STAY IN TOUCH:    Instagram      YouTube    Facebook    Email

I Have a Tutu in my Trunk

Feb 2, 2013 | Uncategorized | 16 comments

…..Five Tips for Couples Living Apart

I guess if I did a survey, I wouldn’t find many people driving around with tutu in the trunk of their car. I’m sure this must be some kind of oversight- because I have to say, it’s kinda cool. When I open my trunk to put something in it, there’s the tutu, staring out at me. It’s like a white fluffy cloud saying “Bonjour!”

Yes, a Tutu.  The kind a ballerina would wear.  I wore it with my girlies six months ago when we ran a race and all dressed up. Yes, eight women with their tutus on; running around the wine country of California. It was a site to be seen.

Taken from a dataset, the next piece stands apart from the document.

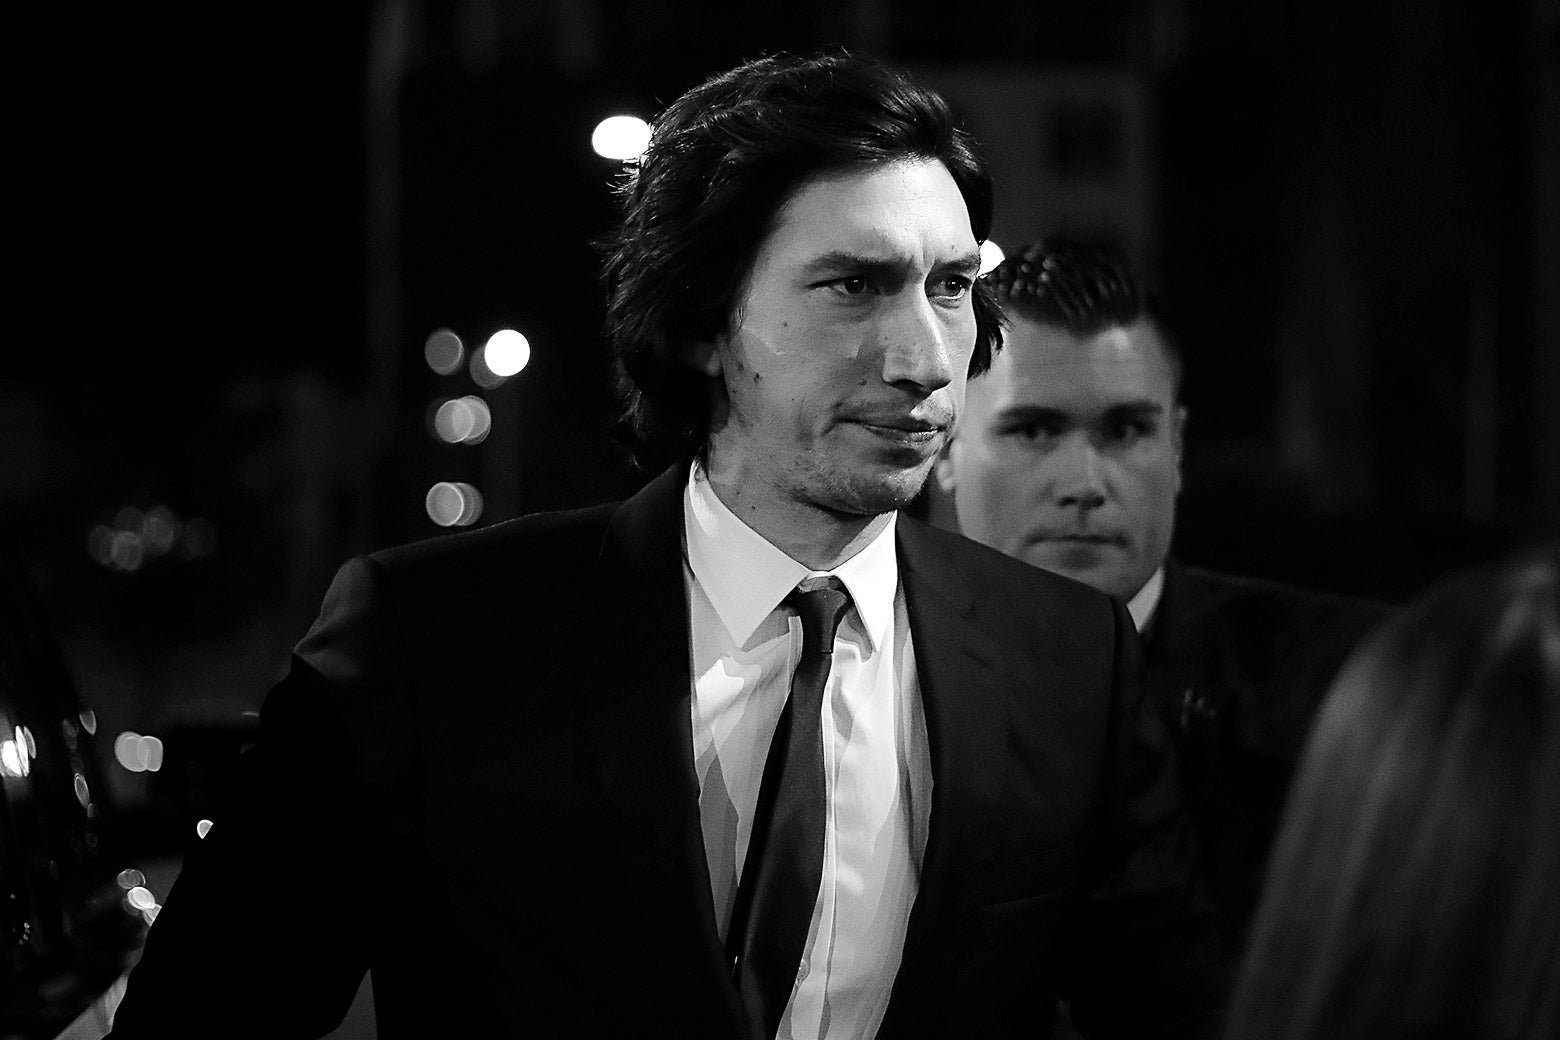 In black and white, Adam Driver wears a nice suit.
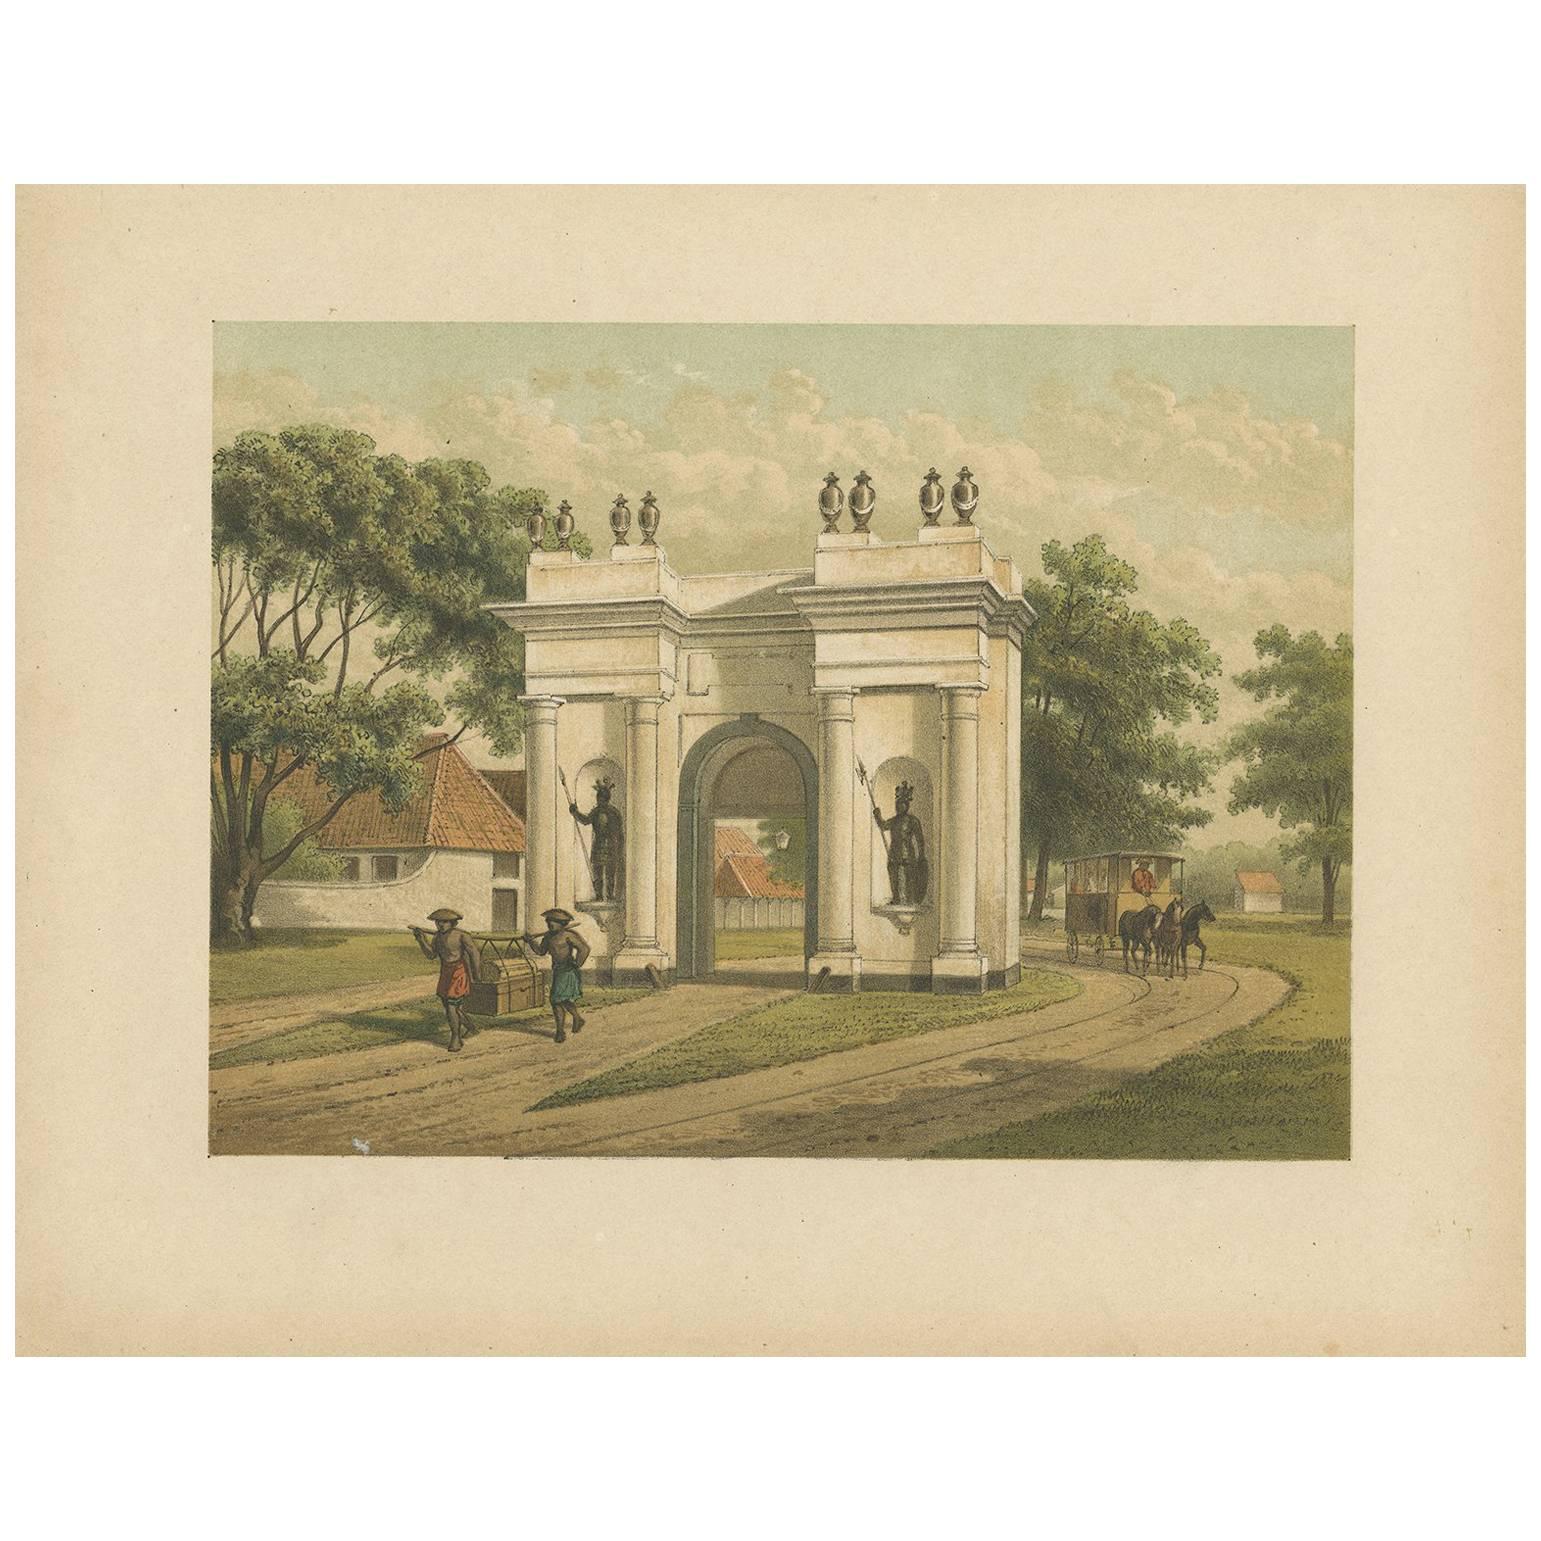 Antique Print of the Castle Gate of Batavia by M.T.H. Perelaer, 1888

Why do you carry around this tutu you say? Well, it’s because I don’t think it has a home. In my world- that’s kind of a surprise since I have two homes. I split my time between a house in San Francisco and a house in Sonoma.  And, I can’t decide which home my tutu belongs in.

Driving across the Golden Gate

What a wonderful view of the Golden Gate Bridge

This odd arrangement is one I’ve lived in for years.  I used to commute. Several years ago I realized it was going to put me into an early grave, it’s about 1 ½ hours each way. One day I watched the people getting off Golden Gate Transit. They all had a kinda gray pallor to them. As they lined up to exit the bus I noticed that they shuffled like zombies. I knew at some point that was going to be me.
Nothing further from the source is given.